Monday, July 22, 2013

car memory

I dreamt that I was on a road trip with RVB. It was exciting to be with him but something made me feel doubts, not sure what exactly. We came to a small European town and were going to find a hotel. We parked. He went to go get keys and so on. I got in the car to move it closer and pushed the wrong button. They car had memory buttons and all of a sudden it started going in a direction. I knew it was to his family, his new baby. I wanted to stop it so it wouldn't go, and I wanted to confront him as he said it wasn't an issue and didn't exist anymore for him. My stomach sunk but at the same time I was glad to find the truth sooner rather than later.


Thursday, September 06, 2012

construction

I dreamt I was near a building. I think I worked there or was supposed to look up something there. It felt not welcoming, like I had to do this work, although it was sneaky and not right. I didn't like it. Then I was walking down a street. It seemed it was evening. I wasn't sure how to get back to where I needed to be. I walked down one path, but then I felt it was the wrong way, but I just kept going hoping I would find a shortcut to where I wanted to be. The further I walked, the more I felt like I wouldn't be able to get where I wanted to go. I don't understand why I kept going down that path.

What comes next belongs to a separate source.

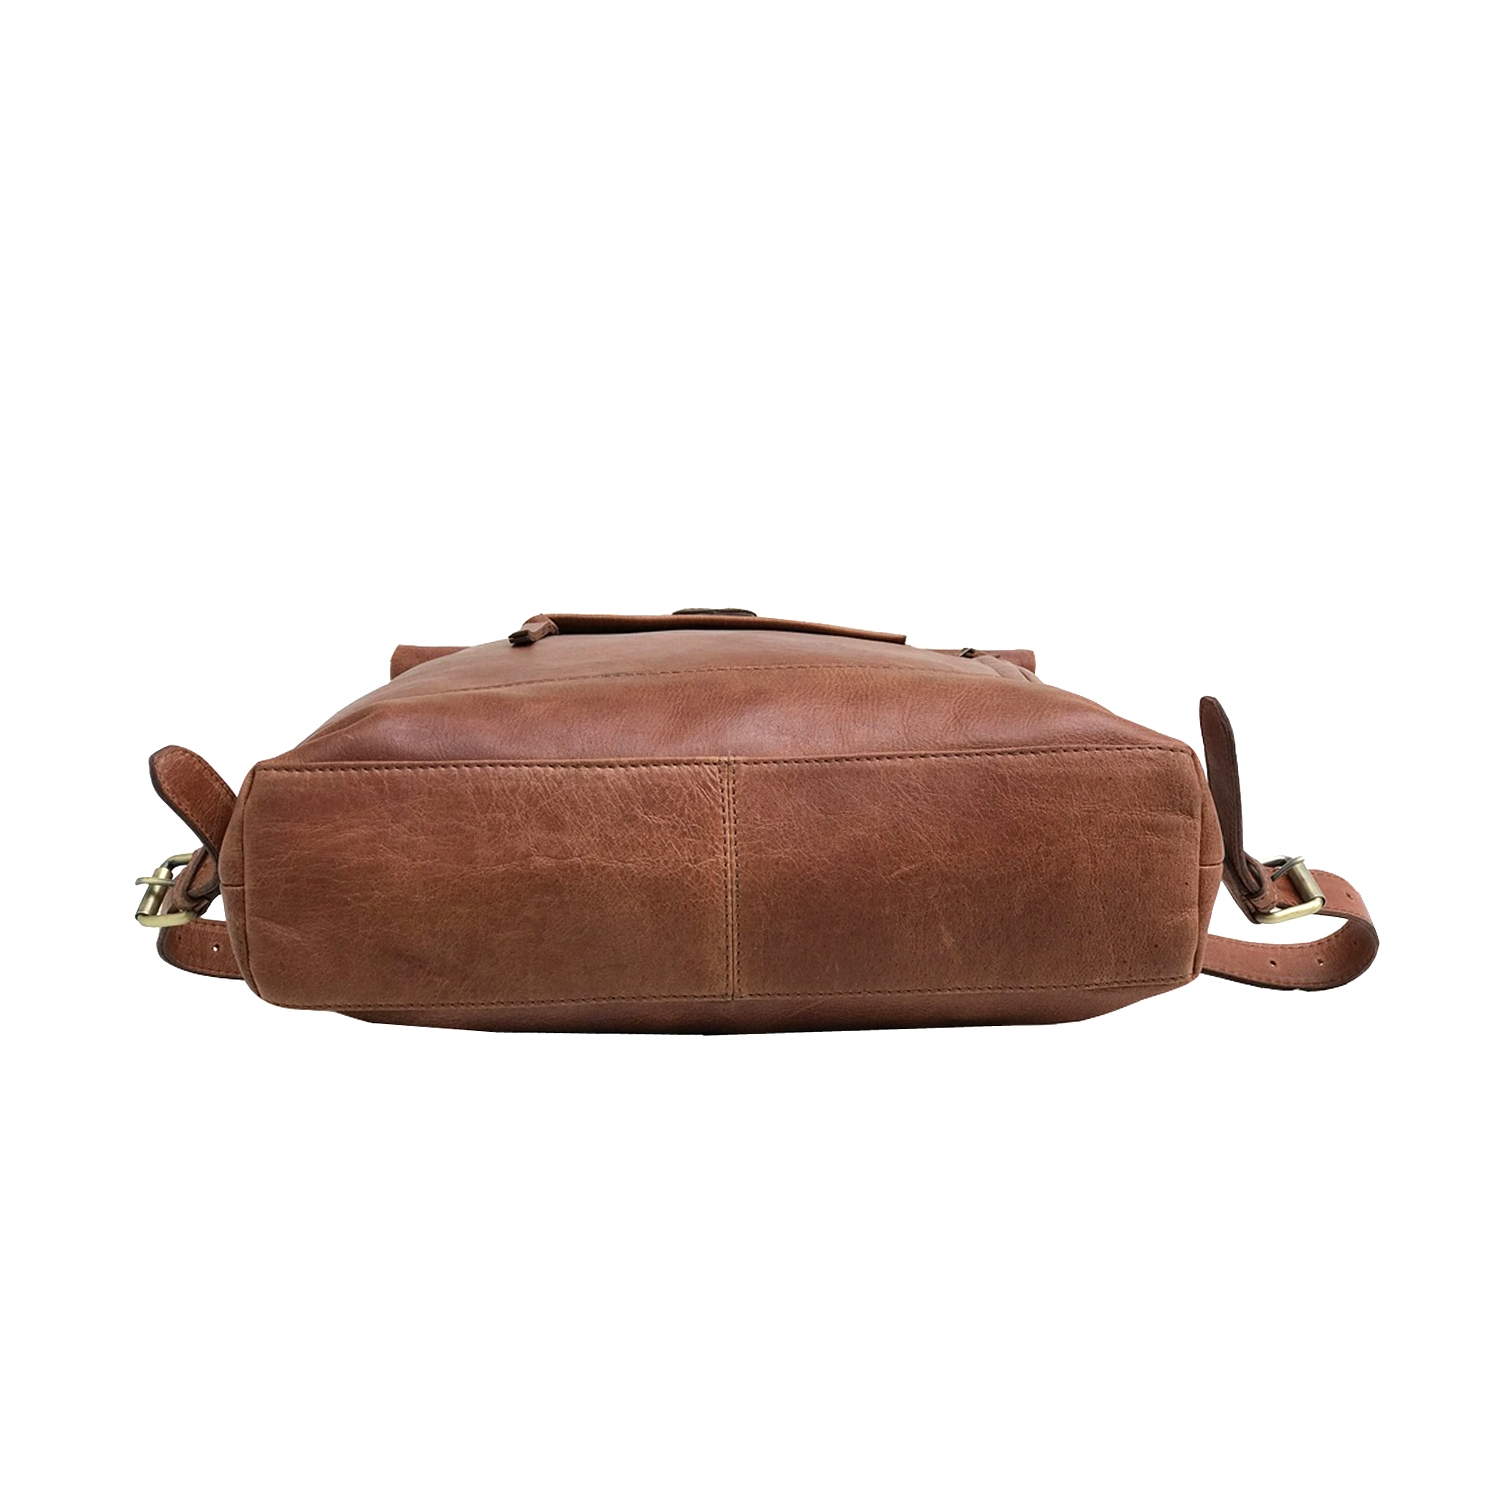 Soft Leather Backpack | Zakara Leather Bags

Then I was outside a building. It seemed like construction workers or even firemen were doing something to the building. There were tall ladders and cranes, hard hats and roped off areas. My dad was there in a truck. We were waiting for something to be done. I didn't like being there, I didn't like having to take the "back seat," even though I knew I was more capable. But I just bit my lip and did what would make everyone else comfortable

Tuesday, June 05, 2012

orchard spaniels

I dreamt I was at my grandpa's orchard that he used to have. I could see a man out working in the orchard and two spaniels dancing around his feet. The man had a dark energy about him. He felt heavy, weighted and anxious. It was as if his soul left him, and all that kept him going was to get to point B. He had that feeling of thoughts spinning in your had of all you "had" to do and get done and that had encompassed him. I didn't want to go near him and I wanted him out of the orchard. I took a closer look at the spaniels, who felt more like joy and love. They were prancing around the man's feet, but I could tell they were starving. I felt an urgency to feed them, but I wasn't sure I had the power to do so. At that moment, the man held one of the dogs heads down and shot the dog in the head several times. I screamed out at the man to stop with every bit of energy I had.

Good lesson.... feed your joy before you become dead inside.